My thanks also to Türkiye for being such a strong advocate for zero waste.
This assembly is looking at ways to slow the triple planetary crisis: the crisis of climate change, the crisis of nature and biodiversity loss, and the crisis of pollution and waste. This triple crisis is in effect one single crisis, a message writ large in the huge amounts of waste our economies generate.
This report shows that the direct cost of waste management was US$252 billion in 2020, which rises to US$361 billion when externalities are included. These externalities include the costs of pollution, resulting in poor health and greenhouse gas emissions from waste. Unless we take urgent action, total annual costs could almost double as waste generation rises.

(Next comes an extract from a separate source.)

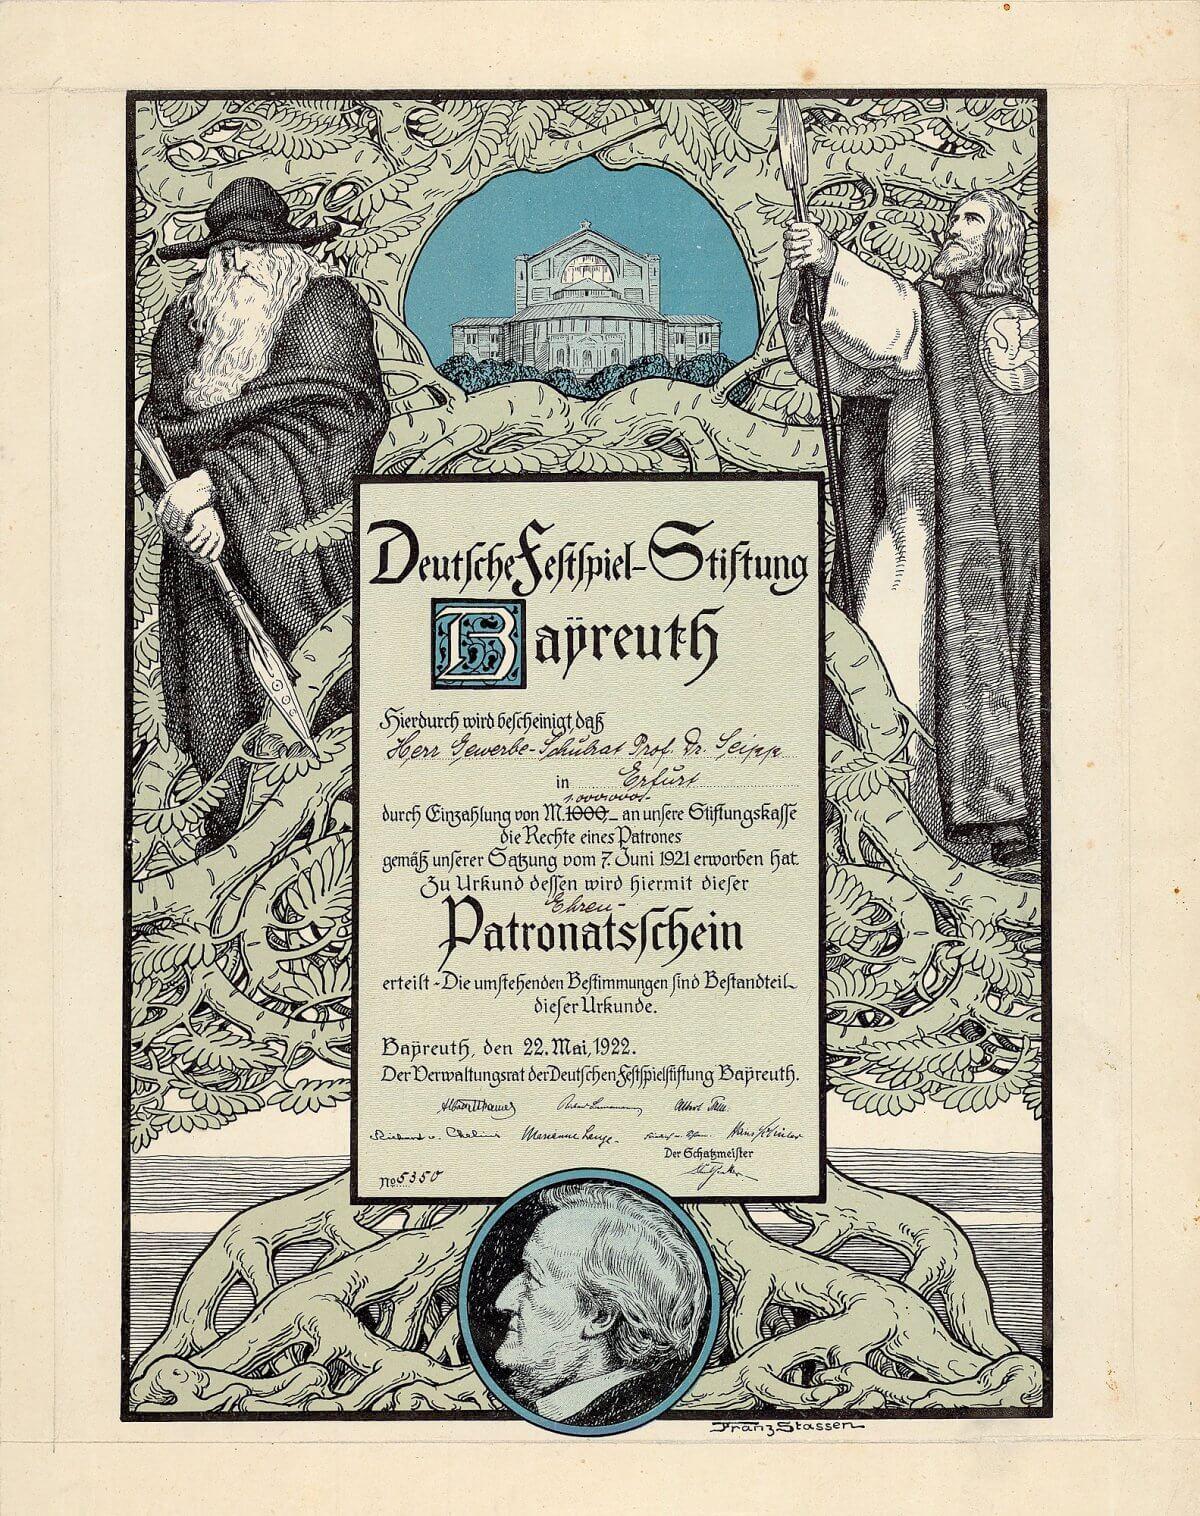 Deutsche Festspiel-Stiftung, Bayreuth, Patronatsschein über 1 Million Mark von 1922. Ein ungemein dekoratives und historisch wichtiges Stück nach einem Entwurf von Franz Stassen, mit Ansicht des Schauspielhauses und Porträt von Richard Wagner.

However, we can’t keep coming at the waste problem by trying to manage what we throw away. Open burning of waste is a disaster. Dumpsites are a disaster. Recycling can’t cope with the sheer volume of waste. To realize the vision of a zero-waste society, we need to redefine what waste is. A lot of what we throw away is a valuable resource, so we must start rethinking the design and delivery of products and services to keep resources in the economy.
The issue of plastic waste is a key example. Only 9 percent of plastic waste is recycled, 17 per cent is incinerated, 22 percent is left uncollected, and 46 percent is dumped in landfills. And, of course, millions of tonnes of plastic end up in the oceans. The solution isn’t waste management alone – but it is an important dimension on a continent like Africa that largely does not have solid waste management infrastructure. The world needs to eliminate single-use and unnecessary plastics. Redesign products. Redesign packaging to use no or less plastics. Redesign systems for reuse, refill and, yes, recycling. It is for this reason that the UN Environment Assembly, two years ago, kick-started negotiations on an instrument on plastic pollution, which should finish this year.
The same approach applies to the minerals and metals we need for the energy transition. Products need to be designed for repair, remanufacturing, recovery – often referenced as urban mining - and recycling to keep minerals and metals in the economy instead of gouging them from the Earth and throwing them away. Right now, up to seven per cent of the world’s gold may be in e-waste. That is senseless.
So, we need to start thinking of rubbish as a resource, shift to zero-waste practices and ensure a just transition for informal workers such as waste pickers and gender and socio-economic disparities in those communities.
If we can build this mindset and put it into practice, we won’t only slow the triple planetary crisis. We will yield an annual net gain of US$108.5 billion over the current cost of waste management. If that isn’t the ultimate manifestation of the old saying “waste not, want not”, I don’t know what is.